Rozmowa z byłym szefem MON dotyczyła w dużej mierze jego następcy Antoniego Macierewicza, którego auto wzięło udział ostatnio w kolizji. Czy minister może wszystko? - Nie może wszystkiego, nikt na sygnale nie może wszystkiego – mówił Siemoniak. - Bardzo rzadko korzystałem z tego typu przywilejów, a minimalizowanie tego wygląda słabo – dodał.
- To prasa podała już kiedyś, że minister jeździ na dwa samochody. Co do zasady, ja jeździłem jednym samochodem. Nie ma powodów do bizantyjskich kolumn – powiedział Siemoniak.

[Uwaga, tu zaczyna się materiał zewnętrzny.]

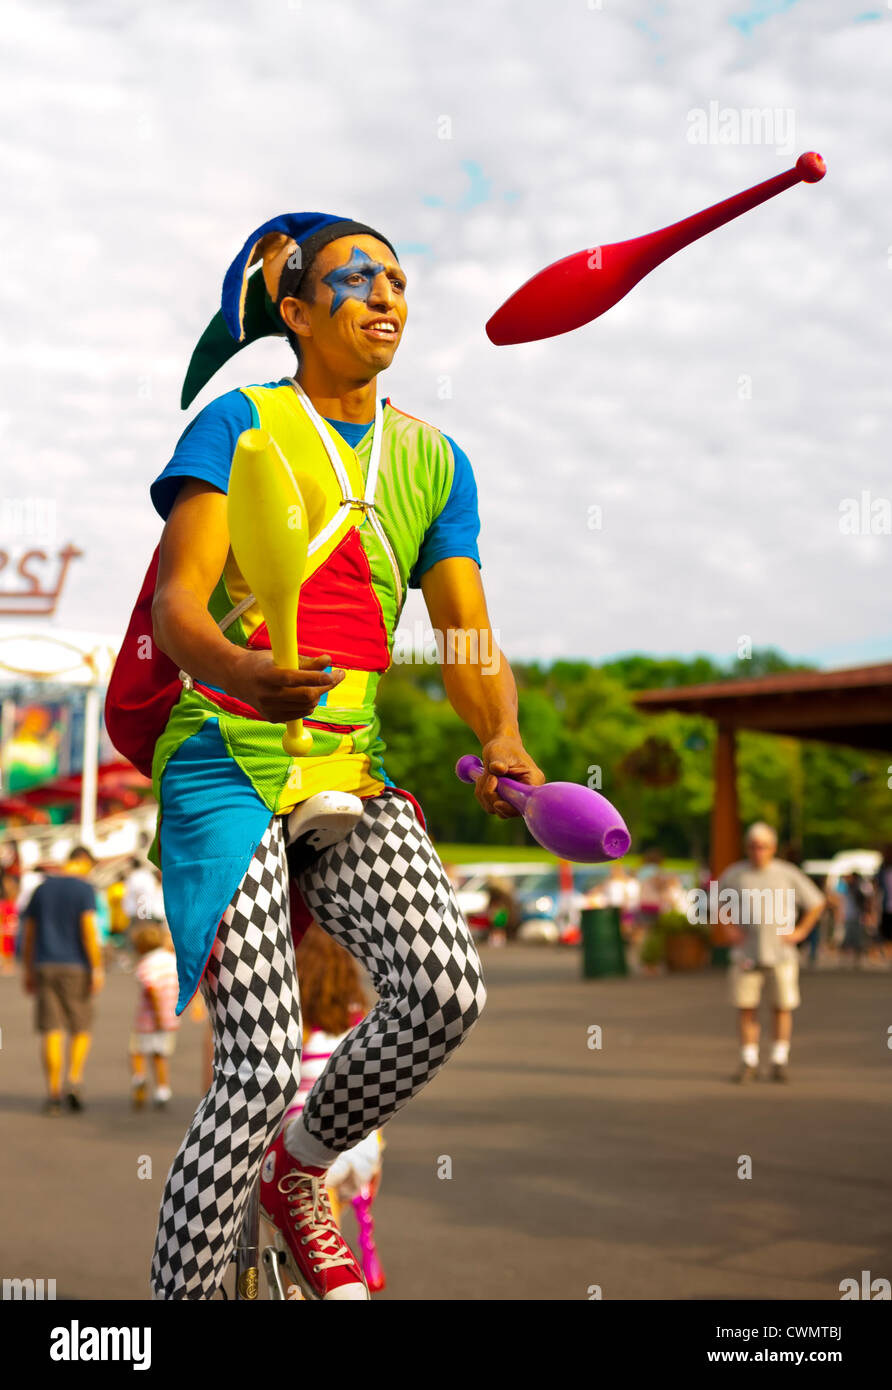 25 août 2012 - Middlebury, Vermont, États-Unis - jongleur en costume  d'Arlequin sur les broches de jonglerie monocycle à Quassy Amusement Park  Photo Stock - Alamy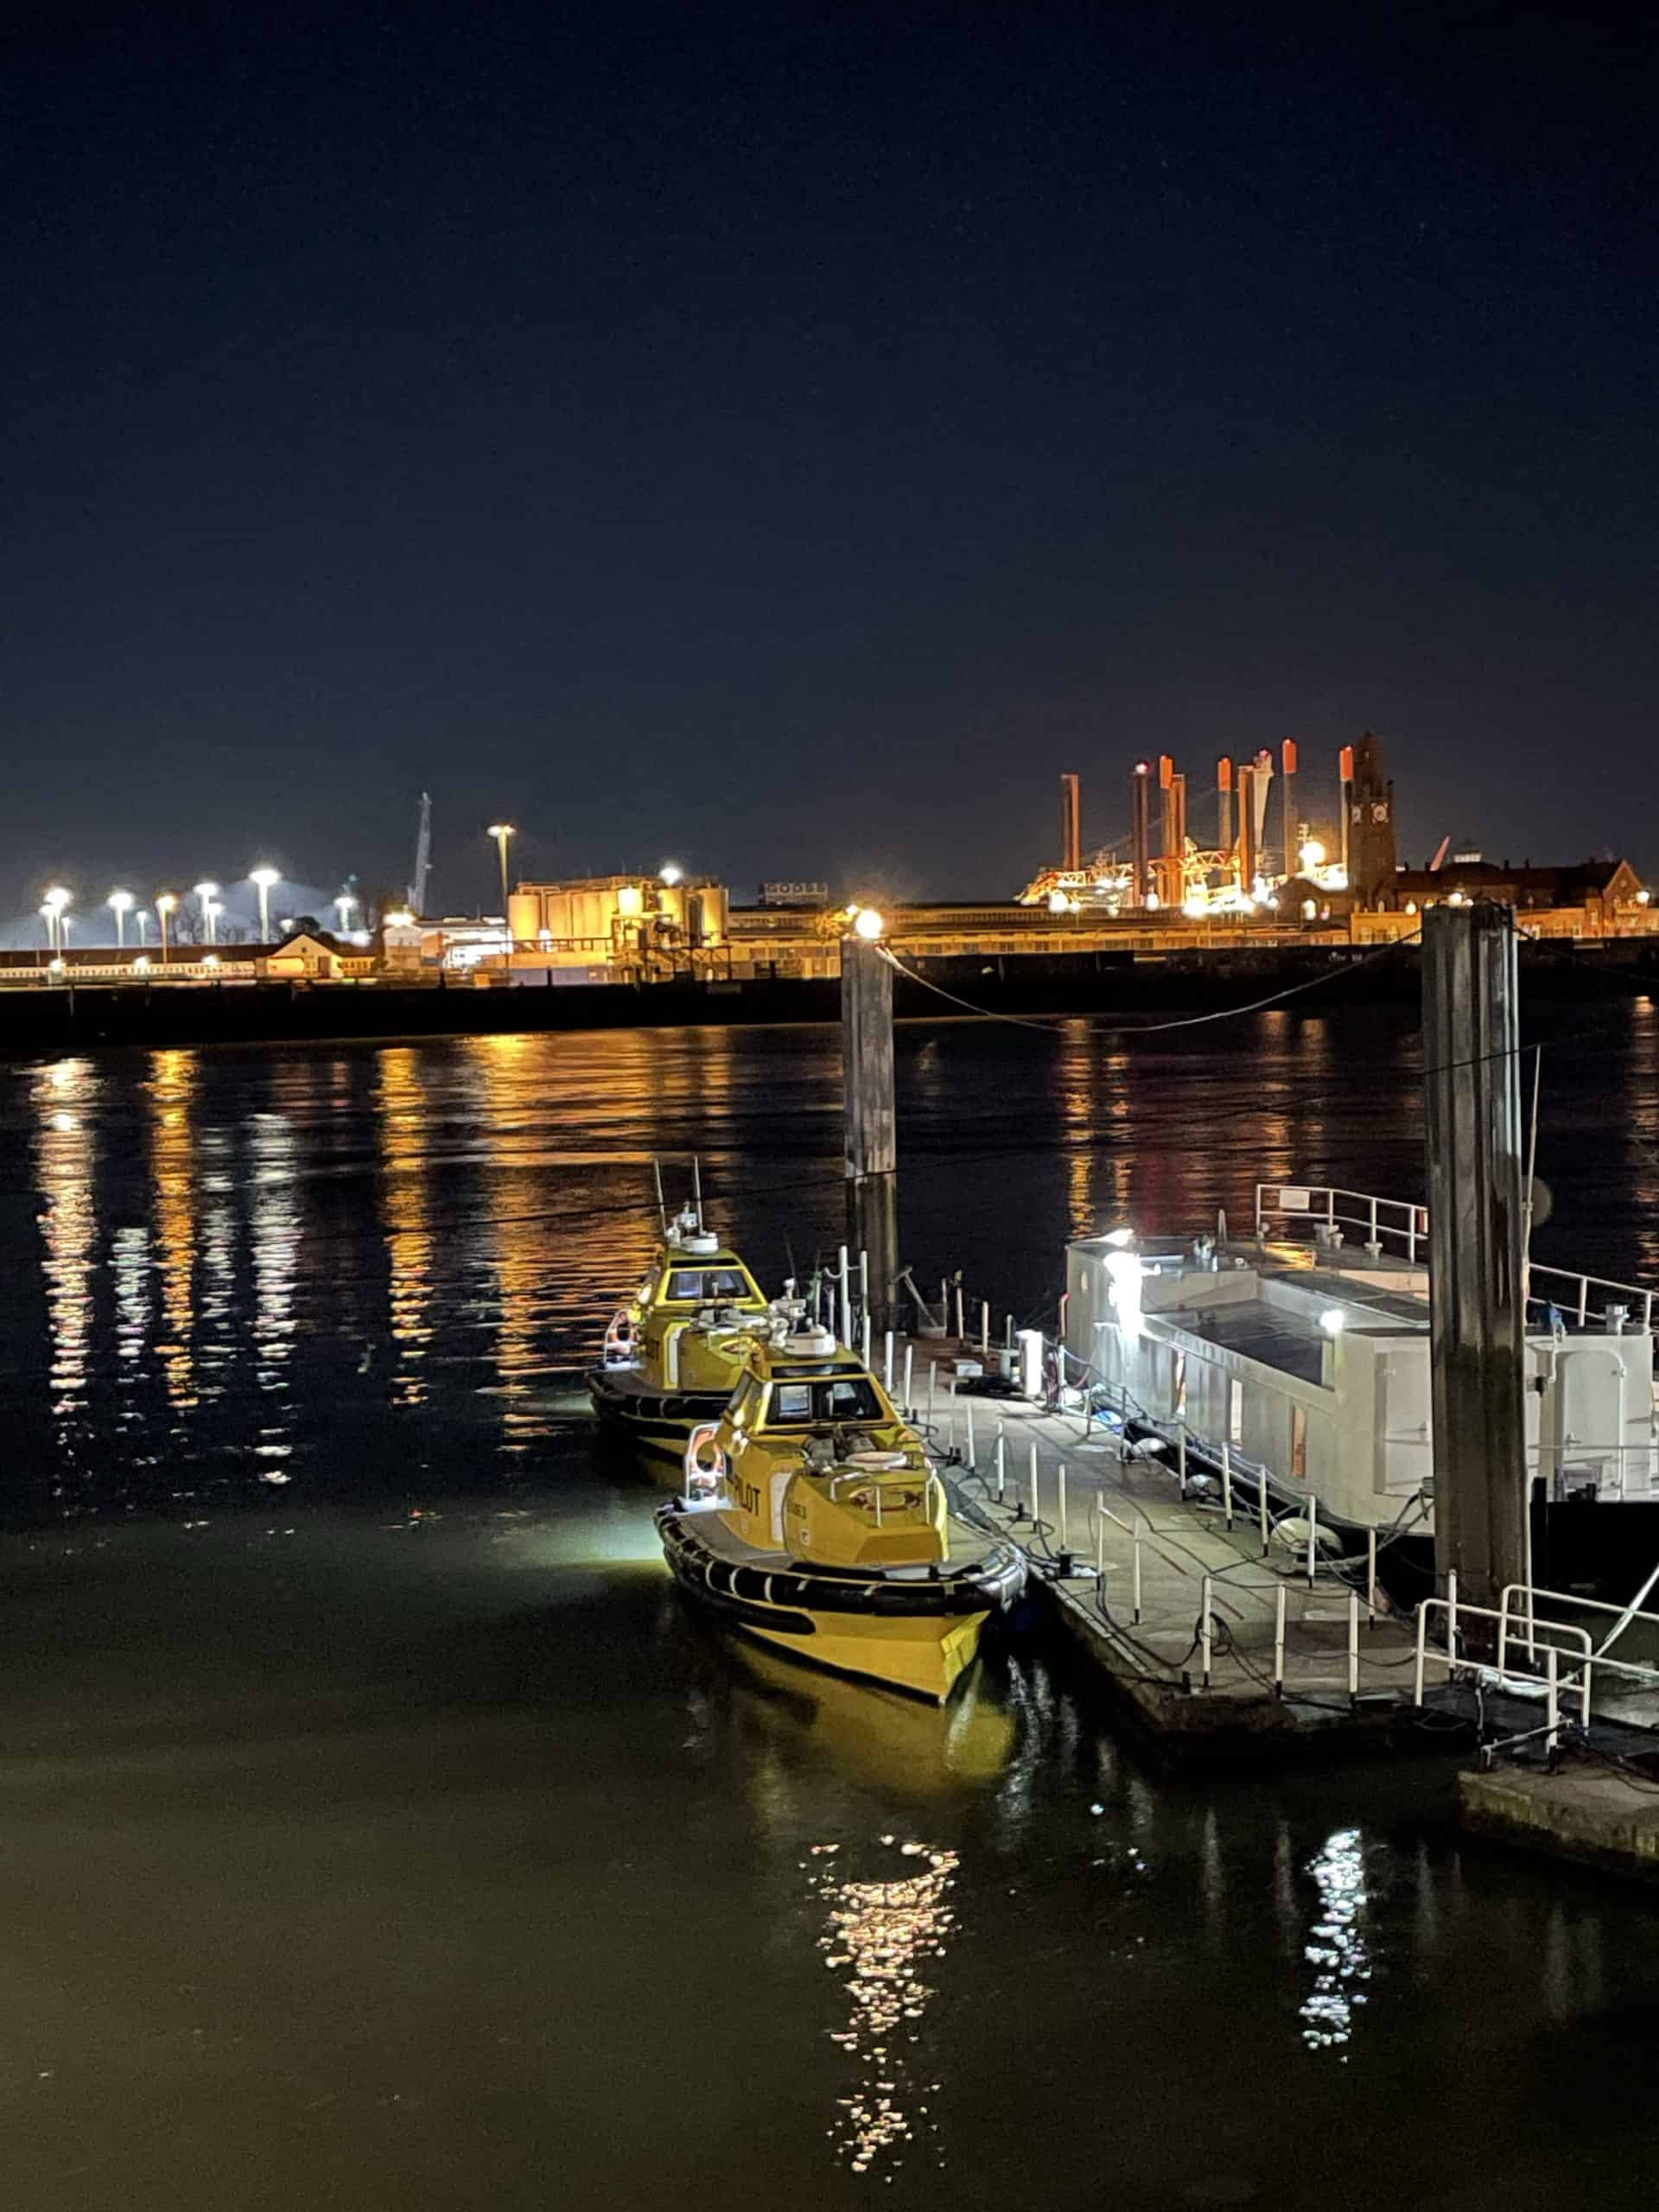 Hafen von Cuxhaven bei Nacht

Według Siemoniaka powinna sprawę wyjaśnić prokuratura, ale cywilna, bo na wojskową mógłby mieć wpływ szef MON. - To taki test dla prokuratury, dla Żandarmerii Wojskowej. Wolałbym, żeby zajmowała się tym cywilna prokuratura – oceniał Siemoniak. - Komunikaty, które mówią, że była zła pogoda i było ślisko, nie odpowiadają temu co się stało.
Siemoniak powiedział, że można się wszystkiego spodziewać po ministrze Macierewiczu. - Mnie już nic nie zaskakuje w jego zachowaniu. Może kłamać w Sejmie i nikogo to nie obchodzi, może trzymać rzecznika, który zachowuje się, tak jak się zachowuje. Brak słowa przepraszam, czy jakiejkolwiek empatii jest straszny. Nie ponosi odpowiedzialności za to co robi w armii, jest chaos, są różne zapowiedzi – mówił Siemoniak. - Jarosław Kaczyński nie dostrzega zagrożenia, jakie niesie osoba Antoniego Macierewicza.